Im Tageschart notiert USD/JPY bei 159,06. Das Paar zeigt eine konstruktive bullische Tendenz, da der Kurs sowohl über dem 50-Tage-Exponential Moving Average (EMA) bei 158,17 als auch über dem 200-Tage-EMA bei 155,29 liegt, was darauf hindeutet, dass der übergeordnete Aufwärtstrend trotz jüngster Volatilität intakt bleibt. Der Stochastic RSI bei etwa 54 tendiert leicht positiv, was darauf hindeutet, dass das Aufwärtsmomentum sich stabilisiert und nicht überdehnt ist.
Auf der Unterseite liegt die unmittelbare Unterstützung nahe dem 50-Tage-EMA bei 158,17, mit einer tieferen Auffanglinie am 200-Tage-EMA bei etwa 155,29, falls der Verkaufsdruck zunimmt. Solange Käufer diese gleitenden Durchschnitte verteidigen, spricht die technische Struktur für eine weitere Konsolidierung mit moderater Aufwärtsneigung, auch wenn klar definierte Widerstandsniveaus in der unmittelbaren Nähe des aktuellen Kurses noch nicht sichtbar sind.
(Die technische Analyse dieses Artikels wurde mit Hilfe eines KI-Tools erstellt.)
Der Wert des japanischen Yen hängt stark von der japanischen Wirtschaft, der Geldpolitik der Bank of Japan sowie von den Zinsunterschieden zu den USA ab. Auch das allgemeine Marktumfeld spielt eine Rolle.

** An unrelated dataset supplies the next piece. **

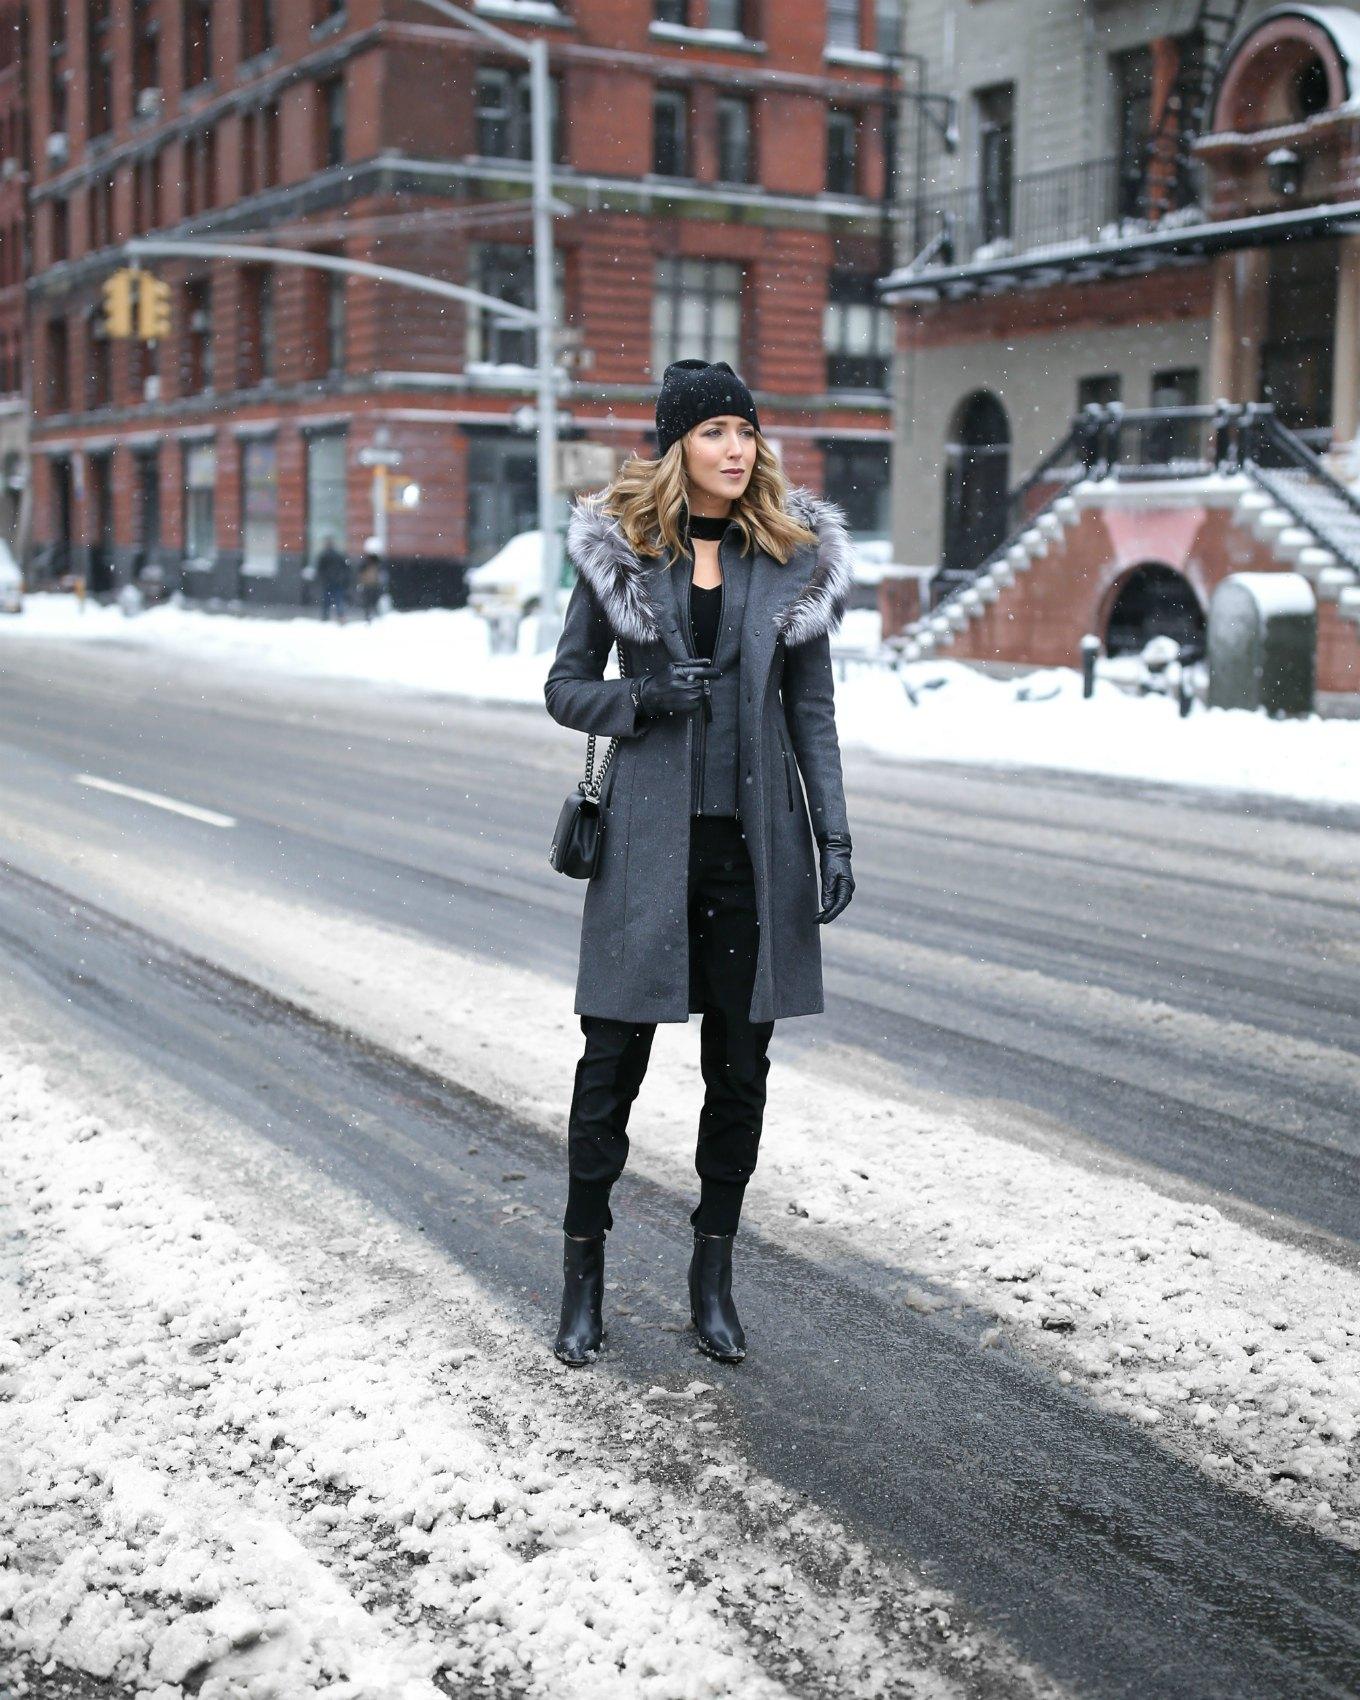 mackage-grey-wool-fur-hood-coat-choker-neck-sweater-track-pants-beanie-nyc-street-style-fashion-week-snow-mary-orton1

Eines der Kernmandate der Bank of Japan ist die Stabilisierung der nationalen Währung, weshalb ihre geldpolitischen Maßnahmen maßgeblichen Einfluss auf den Yen haben. Obwohl direkte Interventionen am Devisenmarkt selten vorkommen, hat die BoJ in der Vergangenheit Schritte unternommen, um den Yen gezielt zu schwächen, meist unter Berücksichtigung der geopolitischen Beziehungen zu ihren Handelspartnern. Die ultralockere Geldpolitik der BoJ, die von 2013 bis 2024 umgesetzt wurde, hat durch eine zunehmende Divergenz gegenüber den geldpolitischen Strategien anderer großer Zentralbanken eine signifikante Abwertung des Yen verursacht. Mit der jüngsten graduellen Straffung dieser expansiven Maßnahmen zeigt der Yen Anzeichen einer Erholung.

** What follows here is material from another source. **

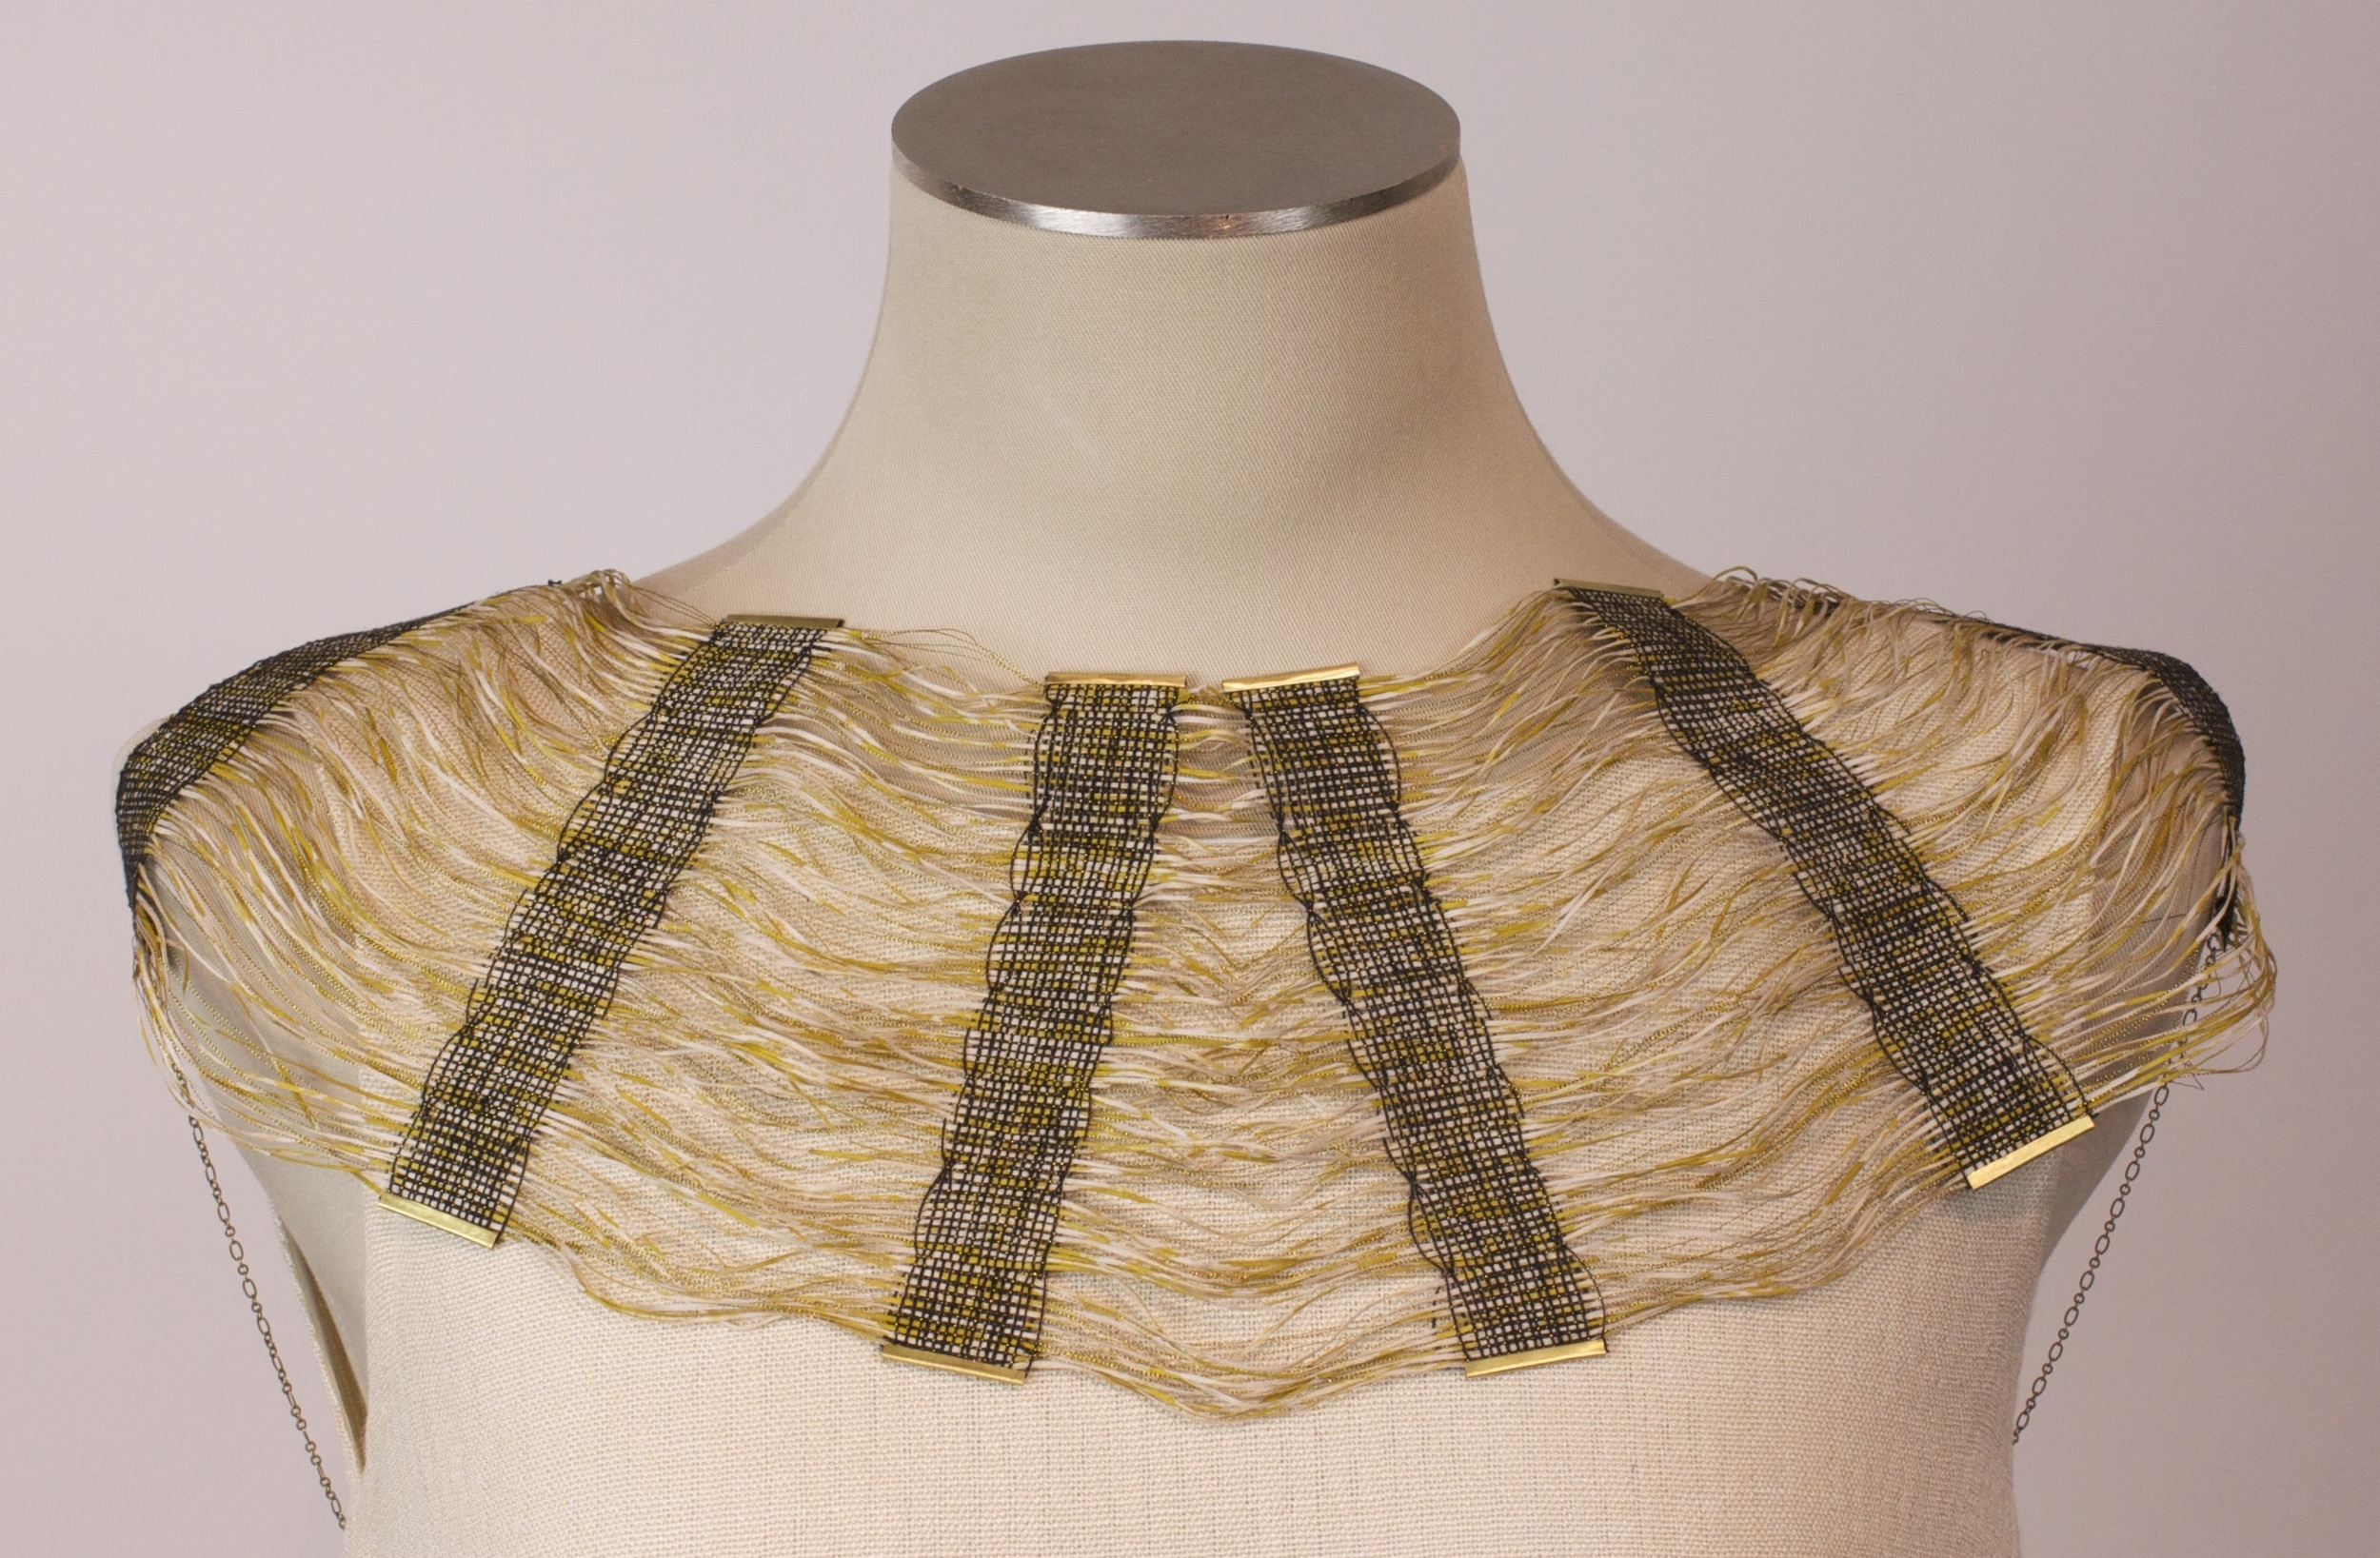 Hand woven collar by Haywood graduate Molly Erickson, 2014

Das Festhalten der BoJ an ihrer ultralockeren Geldpolitik hat zu einer zunehmenden Divergenz mit anderen Zentralbanken geführt, insbesondere mit der US-Notenbank. Dies begünstigt eine Ausweitung der Zinsdifferenz zwischen 10-jährigen amerikanischen und japanischen Anleihen, was den US-Dollar gegenüber dem japanischen Yen stärkt.
Der japanische Yen gilt als sogenannte „sichere Hafen“-Währung. In Zeiten von Unsicherheit oder Marktturbulenzen neigen Investoren dazu, ihr Kapital in den Yen umzuschichten, da dieser als stabil und verlässlich gilt. In solchen Phasen steigt der Wert des Yen im Vergleich zu anderen Währungen, die als riskanter eingestuft werden.